On Thu, May 28, 2026 at 03:44:14PM +0200, Paolo Abeni wrote:
> On 5/27/26 10:41 AM, Steffen Klassert wrote:
> > From: e521588 <alessandro.schino@sbb.ch>
> >
> > In esp_output_tail(), when esp->inplace is false, the old skb page frags
> > are replaced with a new page from the xfrm page_frag cache. The source
> > scatterlist (sg) is built from the old frags before the replacement, and
> > esp_ssg_unref() is responsible for releasing the old page references
> > after the crypto operation completes.
> >
> > However, if the second skb_to_sgvec() call (which builds the destination
> > scatterlist from the new page) fails, the code jumps to error_free which
> > only calls kfree(tmp). The old page frag references captured in the
> > source scatterlist are never released:
> >
> > 1. sg[] is built from old frags via skb_to_sgvec() (no extra get_page)

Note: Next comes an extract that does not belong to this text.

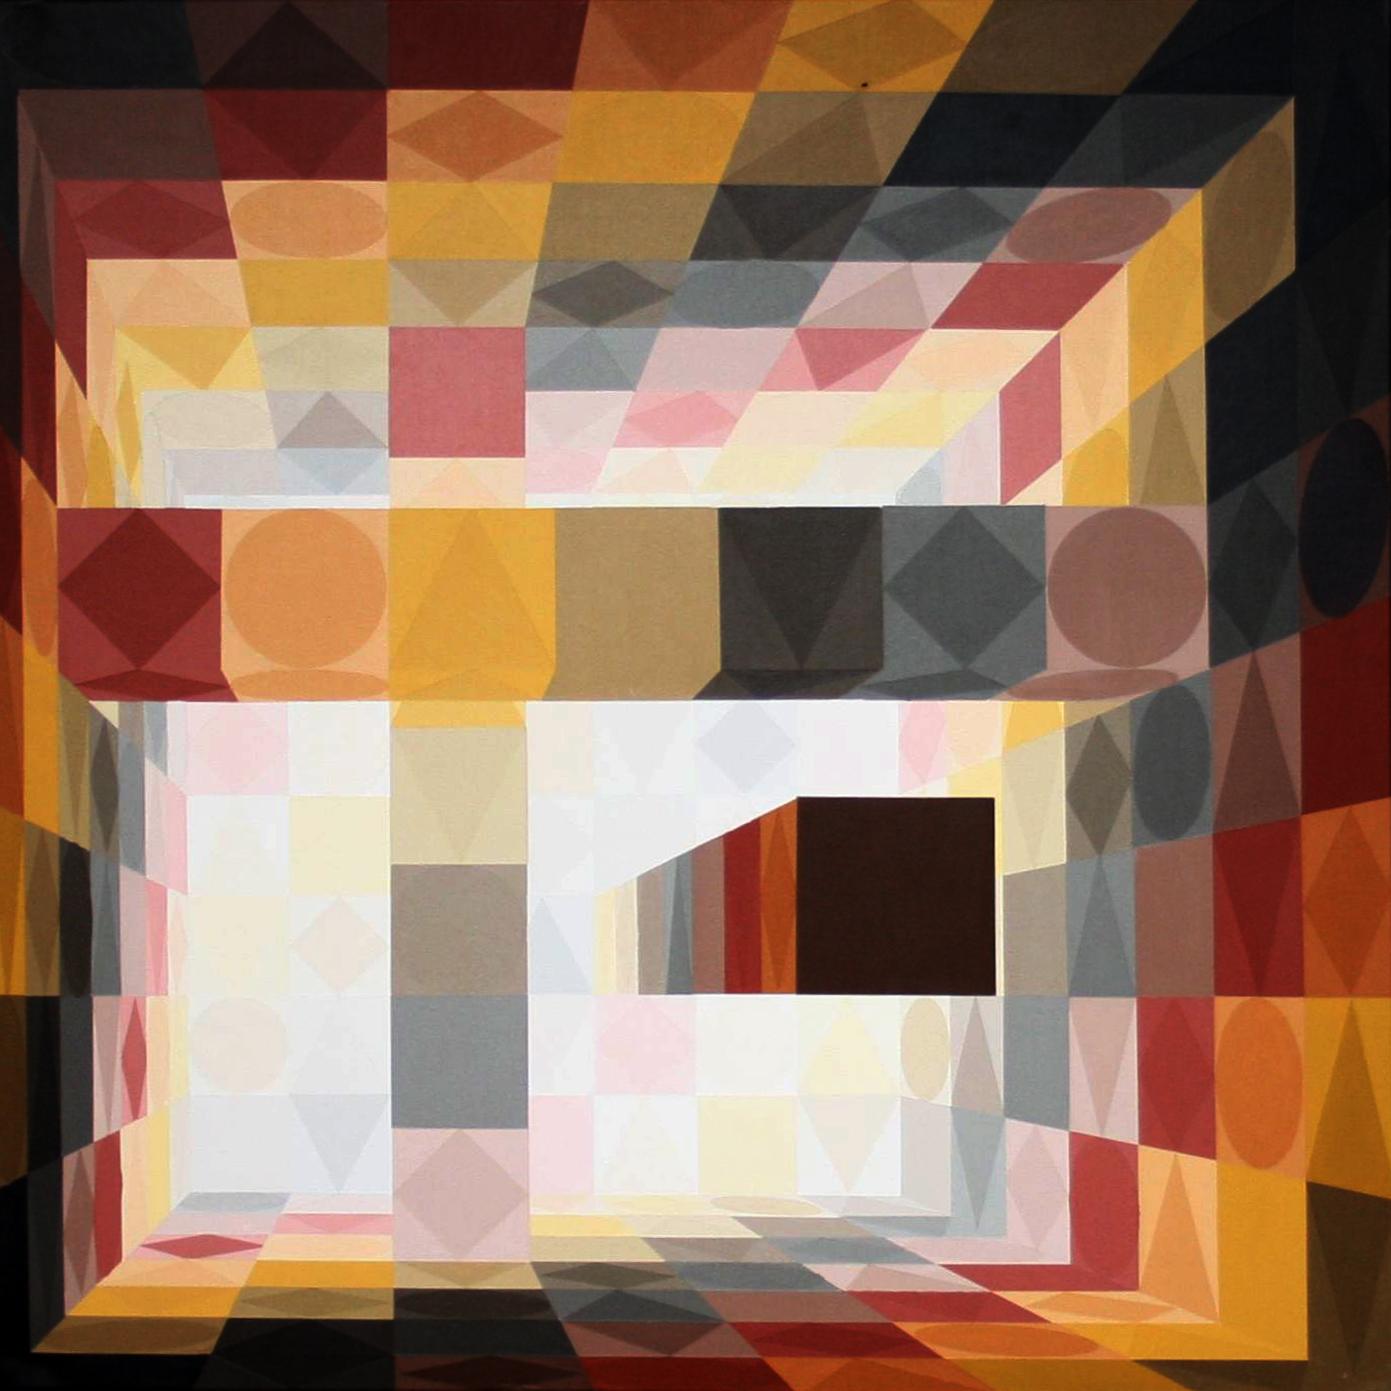 Säulenhalle | braun2 | 2011 | Acryl | 100x100 cm (112 verschiedene Brauntöne)

> > 2. nr_frags is set to 1 and frag[0] is replaced with the new page
> > 3. Second skb_to_sgvec() fails -> goto error_free
> > 4. kfree(tmp) frees the sg[] memory but old frags are not unref'd
> > 5. kfree_skb() only releases frag[0] (the new page), not the old ones
> >
> > Fix this by adding a bool parameter to esp_ssg_unref() that, when true,
> > unconditionally unrefs the source scatterlist frags without checking
> > req->src and req->dst, since those fields are not yet initialized by
> > aead_request_set_crypt() at the point of the error. Existing callers
> > pass false to preserve the original behavior.
> >
> > The same issue exists in both esp4 and esp6 as the code is identical.
> >
> > Fixes: cac2661c53f3 ("esp4: Avoid skb_cow_data whenever possible")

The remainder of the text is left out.